Supplied data –
---------------

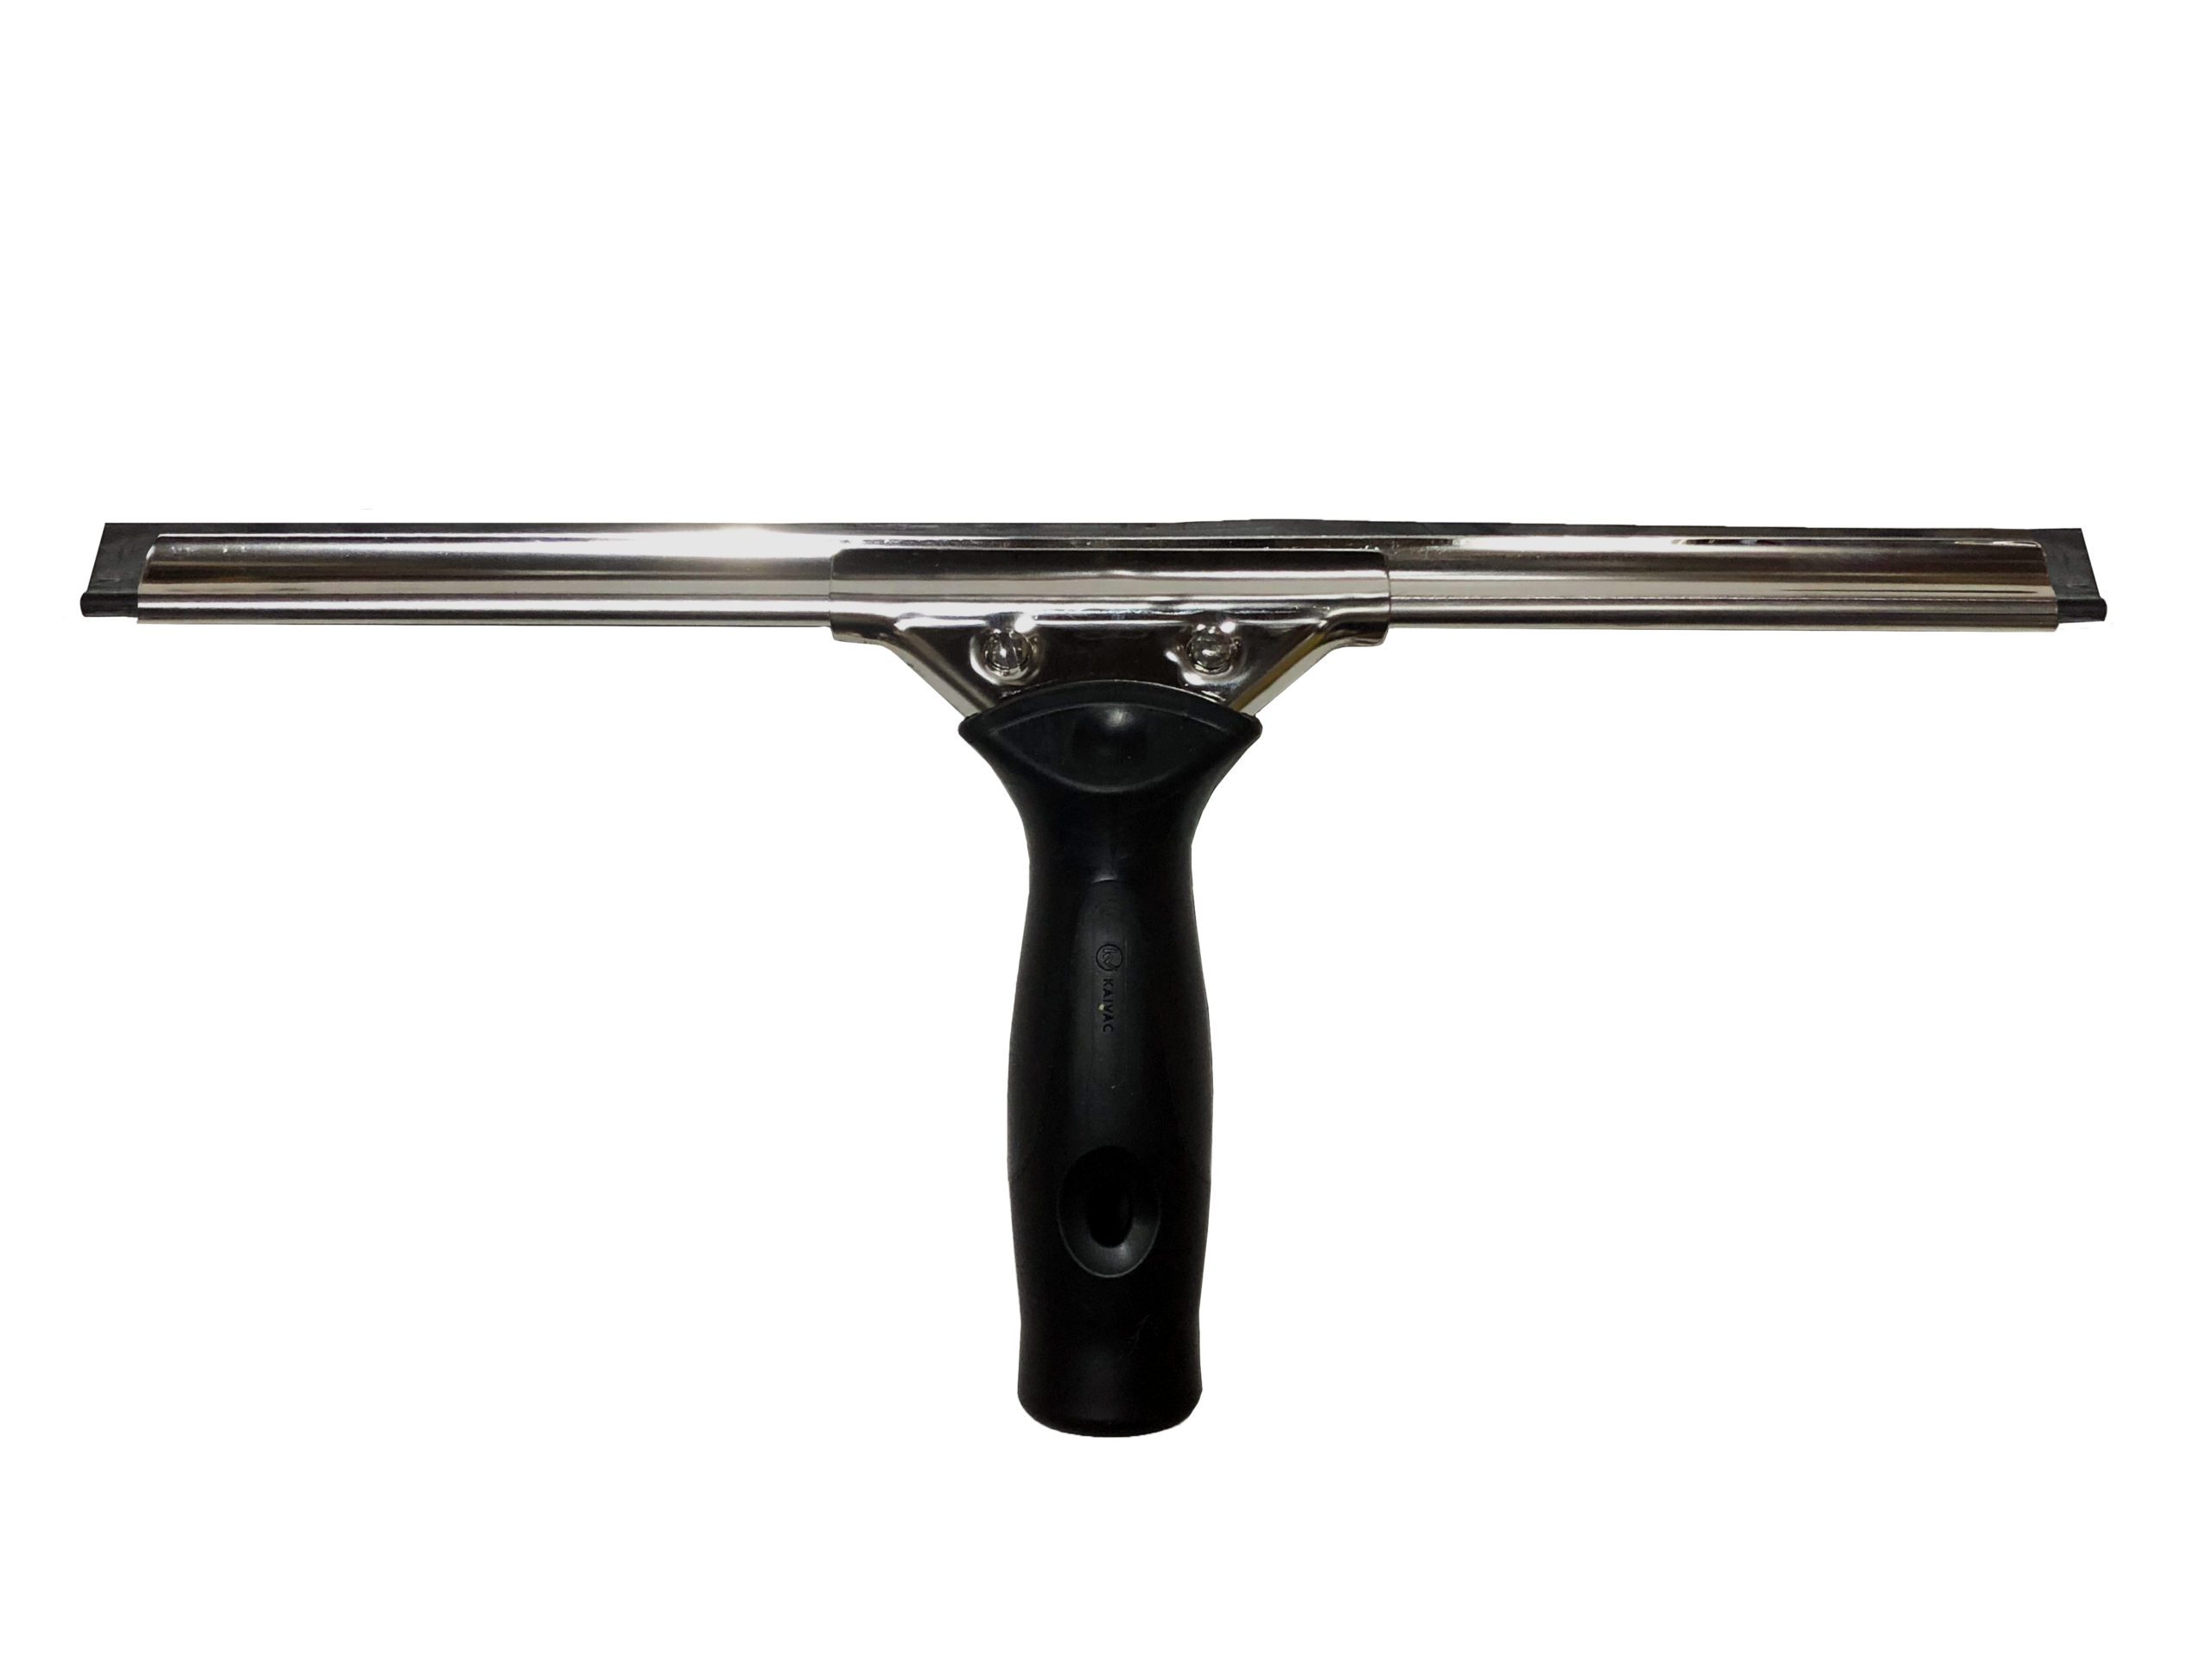 Window Squeegee And Handle Assembly - Kaivac, Inc.
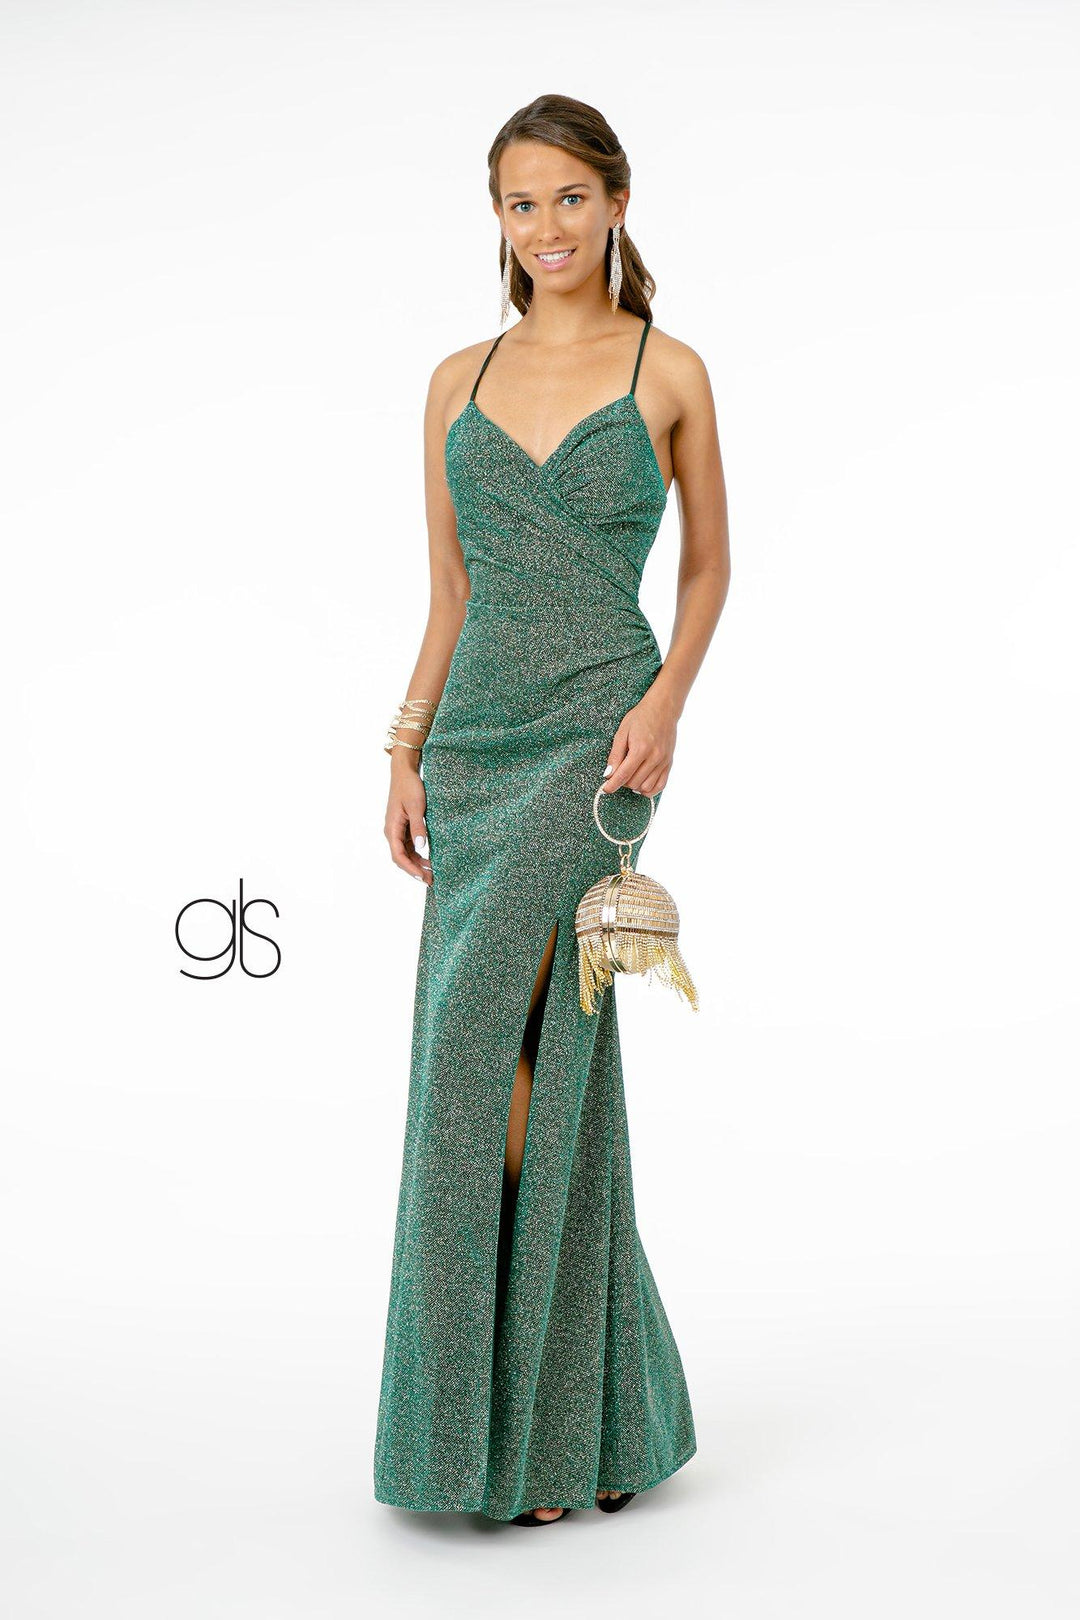 Fitted Long Glitter Crepe Dress with Corset Back by Elizabeth K GL1831
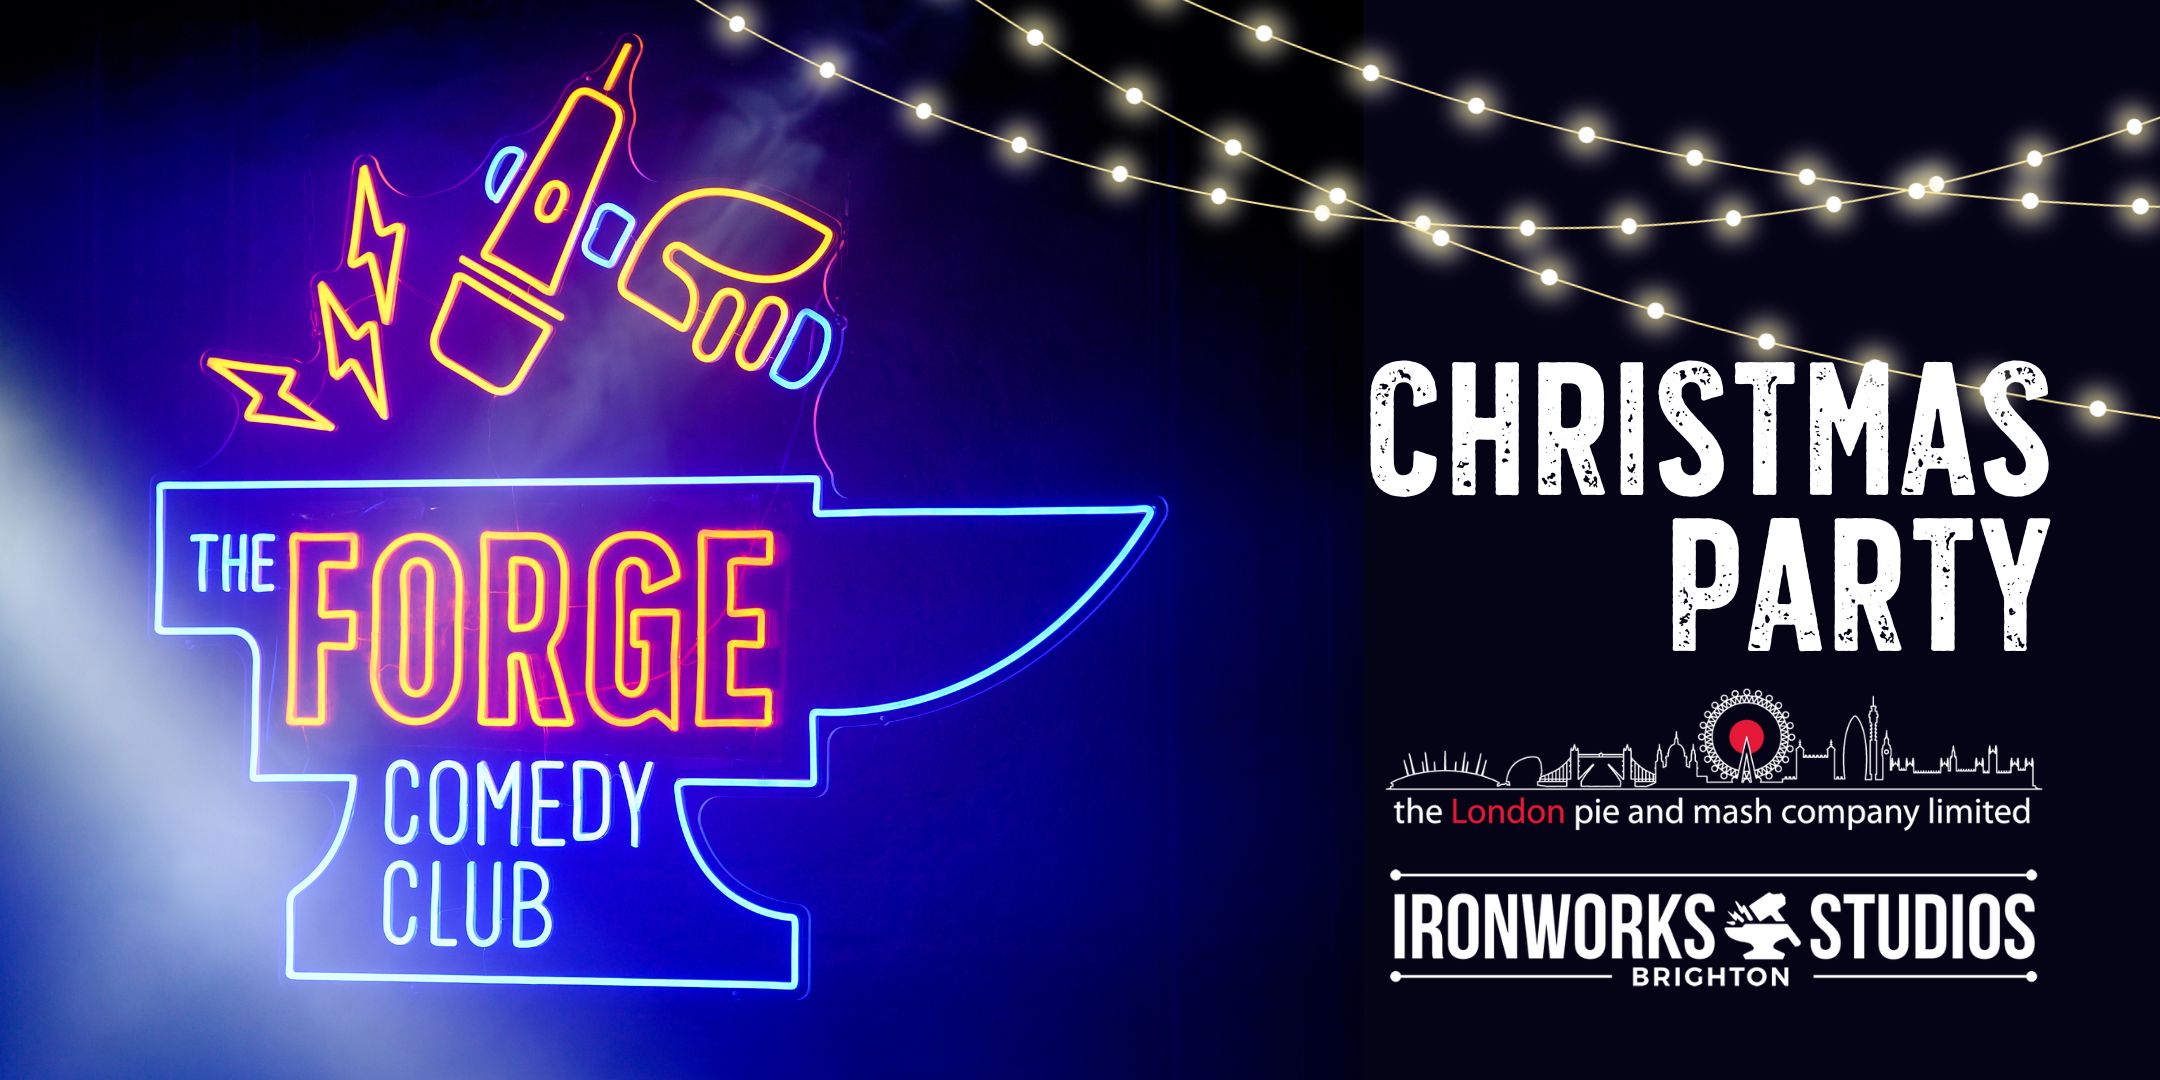 1st December: The Forge Comedy Club Christmas Party
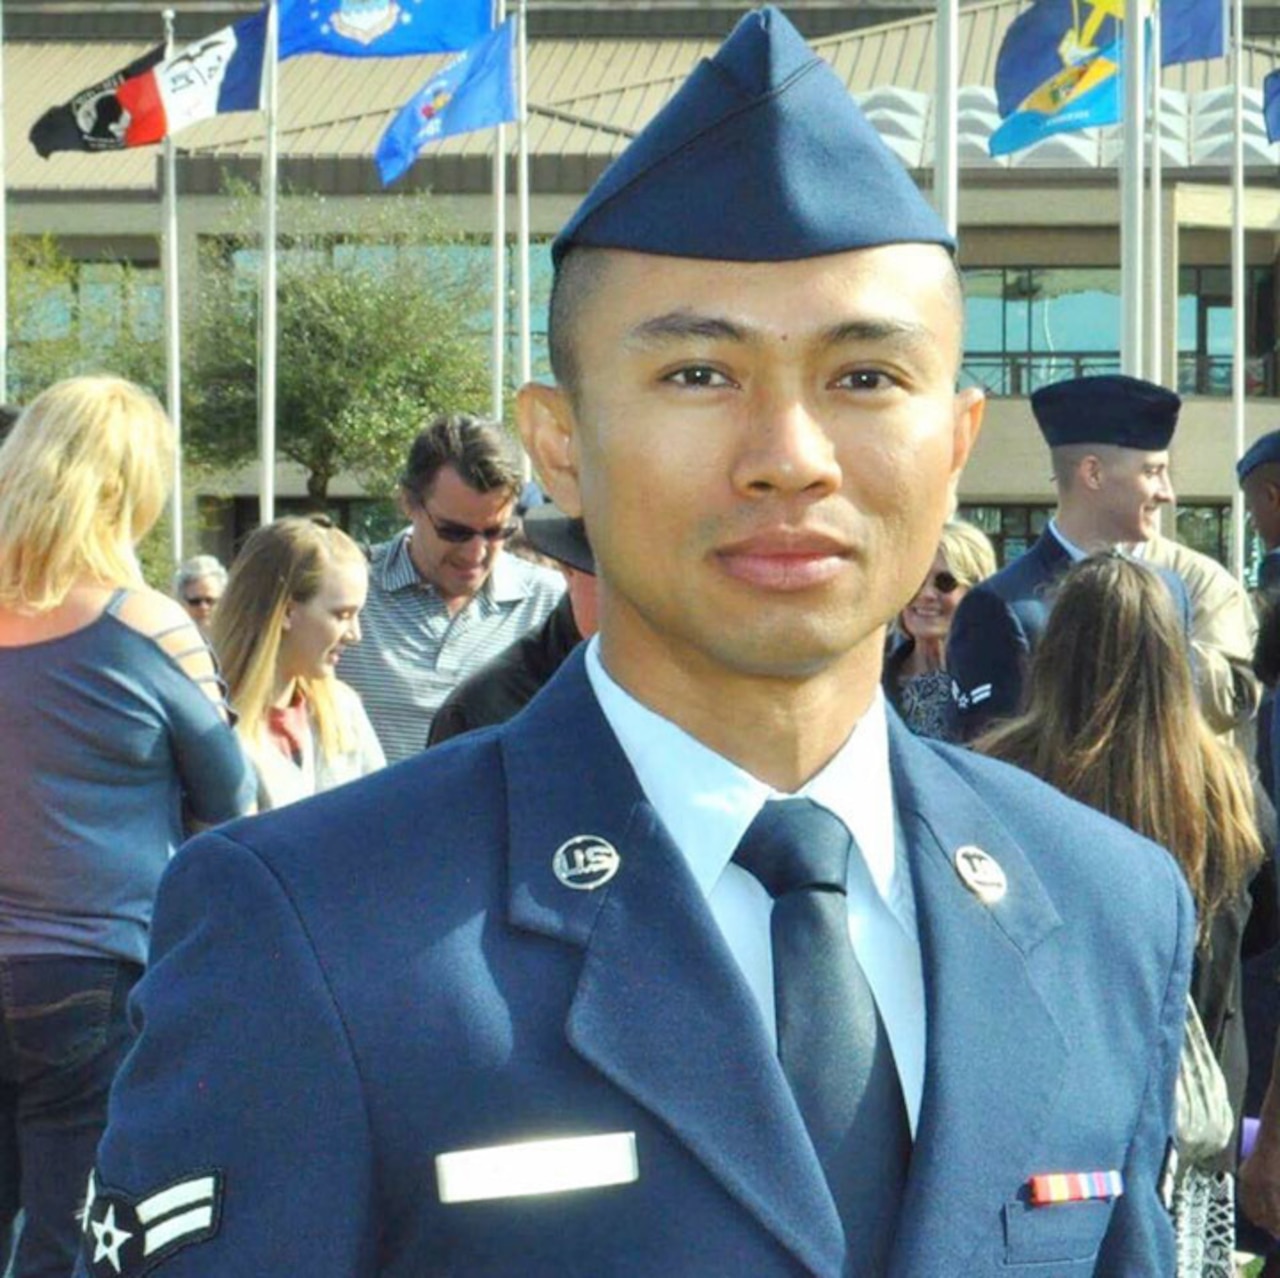 Airman 1st Class Kornkawee Rue Art, 23d Medical Support Squadron pharmacy technician, poses for a photo after graduating basic military training, Feb. 16, 2017, at Joint Base San Antonio, Texas.

---------------

What to do – Pictures are to be left out; the rest of the listing should be printed exactly.

Exercise solution –
 Window Squeegee And Handle Assembly - Kaivac, Inc.
 Fitted Long Glitter Crepe Dress with Corset Back by Elizabeth K GL1831
 1st December: The Forge Comedy Club Christmas Party
 Airman 1st Class Kornkawee Rue Art, 23d Medical Support Squadron pharmacy technician, poses for a photo after graduating basic military training, Feb. 16, 2017, at Joint Base San Antonio, Texas.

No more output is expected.